When a tuning action is applied to alerts that match a tuning rule, a tag is added to the corresponding incident in Sentinel. This incident contains the relevant alerts, and a comment specified by the CDC providing justification, creating an audit trail within the customer’s workspace.
All enabled tuning rules are reported on a monthly basis to our customers to provide full transparency.
Ease of use
As our Autonomous Investigator conducts a full investigation, before passing a detailed summary on to our Cyber Defenders, AI assisted ION IQ Insights automatically estimates the probability of the incident being a True Positive. This estimation is based on both historical data from the impacted customer and globally collected performance information about the alert signature. For incidents similar to those previously identified as benign, ION IQ Insights also proposes the appropriate conditions for tuning rules, automatically selecting the relevant entities from the incident.

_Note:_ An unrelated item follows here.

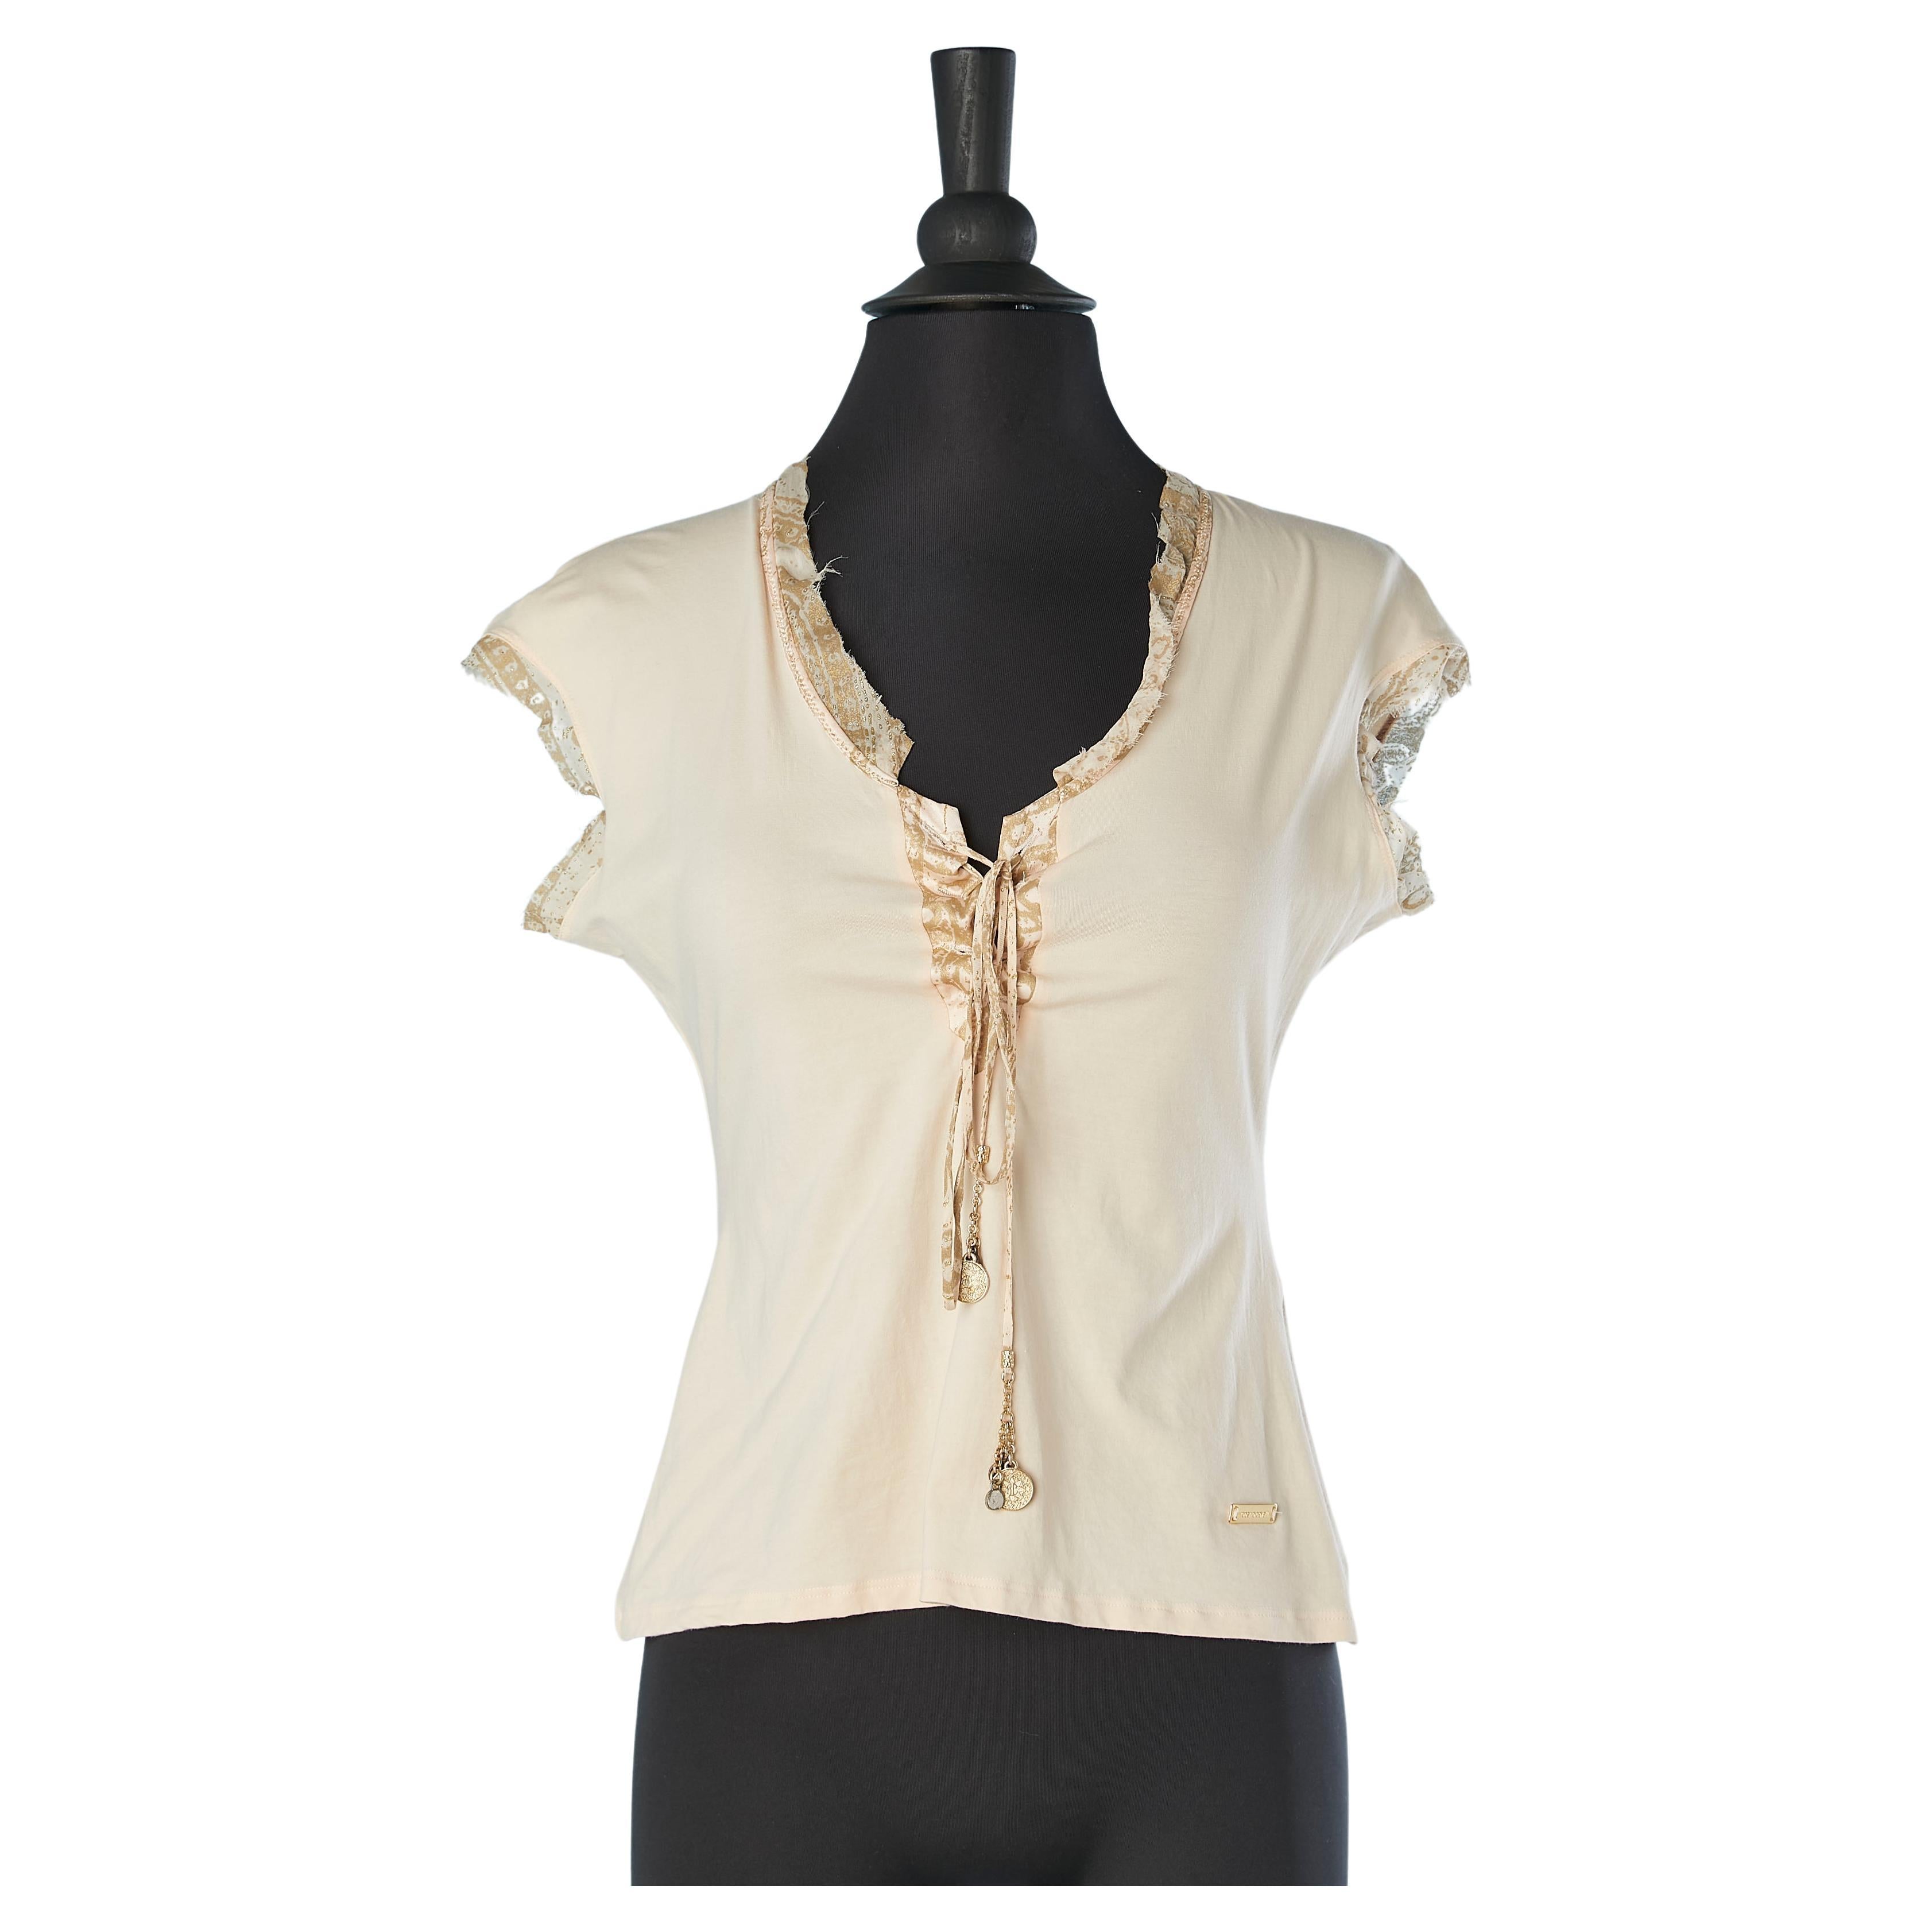 Pink sleeveless tee-shirt with silk laces in the front ROBERTO CAVALLI  For Sale

Together, the Autonomous Investigator, ION IQ Insights, ION Automate and ION Alert Tuning form the core of the Cyber Defender workbench, streamlining threat analysis, and enabling data-driven decision-making.

Autonomous Investigator passes a detailed investigation summary on to our Cyber Defenders.
Accuracy
The ability to accurately define which alerts are triaged automatically is paramount. A tuning rule that is too broad may create blind spots, where malicious activity is detected but triaged incorrectly.
At its core, a tuning rule in ION Alert Tuning matches alert names with entities such as host names, account names, or file names, similar to what Microsoft offers with Alert tuning and Automation Rules.
Analysts can craft complex tuning rules with conditions involving one or more alert names and entity types. For scalability, rules can contain lists of entities they match against, but they also support regular expressions. This allows the CDC to incorporate customer-specific naming conventions for hosts or accounts, or work with command lines that are similar but not identical, providing additional flexibility.

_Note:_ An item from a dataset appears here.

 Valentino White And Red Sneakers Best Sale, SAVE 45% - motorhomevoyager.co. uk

Visual representation of an ION Alert Tuning rule
Most tuning rules go into effect as soon as they are created. However, for planned maintenance work or security testing announced by our customers, we can define specific time periods during which a given rule should be active.
While triage actions such as incident closure or incident escalation are performed at the incident level, rule matching in ION Alert Tuning is applied at the alert level. This ensures that an incident is closed only when all alerts within it match a tuning rule. In all other cases, the incident is forwarded to the next component in the alert pipeline, ION Automate.
Scalability
As a component of our alert pipeline, ION Alert Tuning is strategically positioned between our customers Sentinel workspaces where alerts are generated and our Cyber Defenders’ ticketing tool. This placement allows tuning rules to be applied both at the individual customer level and on a global scale.
The latter is particularly useful when an EDR, IDS, or custom use case signature causes alert volumes to spike across all customers. These benign positive alerts are often caused by changes originating from operating system updates or software installations. In such cases, our Cyber Defenders step in quickly to prevent the ticket queue from becoming overwhelmed.
Conclusion
Benign activity can trigger detection signatures, resulting in alerts. Because the detection logic is correctly applied and the alerts are warranted, tuning should to be performed as part of the triage process rather than by updating the detection logic itself.
ION Alert Tuning is the component of the ION platform that delivers this functionality efficiently, automatically triaging more than 75% of incidents generated by the ION Detection Stack.

ION Alert Tuning reduces the number of incidents that require manual triage by more than 75%.
With ION Alert Tuning supporting the triage process, real threats are easier to identify for our Cyber Defenders, improving mean time to respond (MTTR).